By KEVIN COURTNEY
Register Staff Writer
Napa Valley Register
A bucket load of federal economic stimulus money rained down on the Napa flood control project this week, fully funding a dream list of improvements, including flood protection on Napa Creek.
The enormity of the federal allocation — more than $99 million — made local officials deliriously happy.
“We scored,” Napa County Supervisor Bill Dodd said.
“The stars aligned right,” Supervisor Brad Wagenknecht said.
“It was mind-boggling,” Napa Mayor Jill Techel said.
Until Tuesday, Linda Kerr, a Napa Creek neighborhood leader, had resigned herself to remaining vulnerable to flooding for years to come. With the $99 million announcement from Rep. Mike Thompson, D-St. Helena, creek protection is now on a fast track.
This abrupt turn of flood fortune was “really shocking and exciting,” said Kerr, who hopes that creek construction can start next year.
The $99 million exceeds the total of what the federal government has spent on Napa flood control since 2001. The project had been limping along with annual allocations of around $10 million, which wasn’t enough to keep it from falling further and further behind schedule.
The Napa project was allocated almost 5 percent of the $2 billion in economic stimulus that the U.S. Army Corps of Engineers received for flood construction nationwide.
The $99 million will pay for the construction of flood protection along Napa Creek, estimated to cost $31 million, and completely fund the $65 million contract awarded last fall to relocate and elevate Napa Valley Wine Train tracks.
While creek and railroad construction proceed simultaneously, the corps will get $1 million to design the most critical remaining element, a bypass channel to divert flood waters away from downtown and Soscol Avenue’s Auto Row.
Few had expected that the Napa project would be so lavishly funded by the American Recovery and Reinvestment Act, but it makes sense, Dodd said Wednesday. “I think this project epitomizes what the stimulus package was designed for,” he said.
Besides being shovel-ready, the flood project will generate jobs, protect businesses and homes against flood losses and propel economic growth once downtown is flood-free, Dodd said.
“I frankly think we had the right project at the right time at the right place,” Dodd said.
“None of us believed we’d be so successful for the project,” Techel said. This major infusion of federal stimulus dollars is a “powerful opportunity to get things done.”
It helped that the corps had signed a $65 million contract for the railroad work, Techel said. If it isn’t completed in three years, the corps would be on the hook for cost overruns, she said.
Elected leaders on the Napa flood board had been cautioned this spring by Julie Lucido, local flood project manager, not to get their hopes up for major stimulus funding.
The word out of Washington was that the Army Corps of Engineers didn’t have nearly enough money to fund all the requests from communities coast to coast, Lucido had said.
On Wednesday, Lucido said this week’s federal allocation would shave years off the project’s schedule. “It’s hard to explain how good this is for the project to keep it moving. It’s hard to overstate how important this is,” she said.

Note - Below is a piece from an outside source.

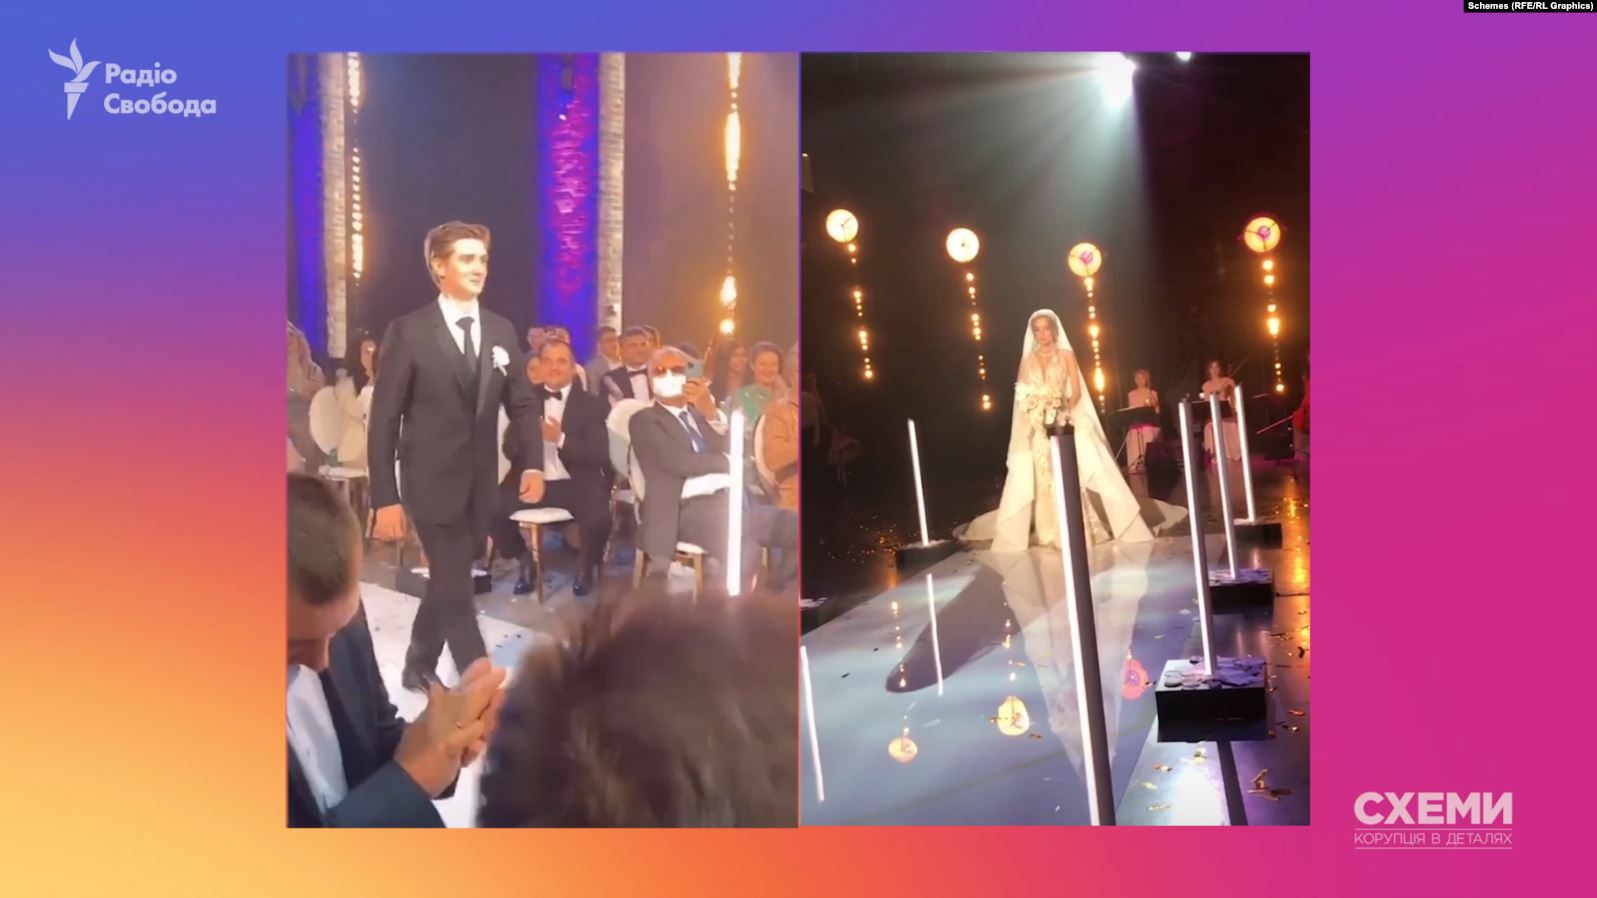 Появилось видео с помпезной свадьбы сына кумы Путина: кто развлекал VIP-гостей

The stage is set to complete the railroad and creek work within the next three years, then move on to digging the bypass.
If that were to happen, perhaps the flood project could be wrapped up by the middle of the next decade, Dodd said.
The project now carries a $398 million price tag, half funded by the federal government, with a countywide half-cent sales tax, approved by voters in 1998, paying the local share.
To date, new bridges and flood terraces have been built and the project is considered to be 50 percent complete.
The impact of stimulus money on the flood schedule is expected to be announced Friday when Rep. Thompson and top corps officials come to Napa to celebrate the funding coup.
Local officials praised Thompson for strongly advocating for flood funding. “I guess Mike Thompson made it happen,” Napa Councilman Jim Krider said.
“We have a congressman with real heft,” Wagenknecht said. It surely helped that Democrat Thompson has a Democrat in the White House, he said.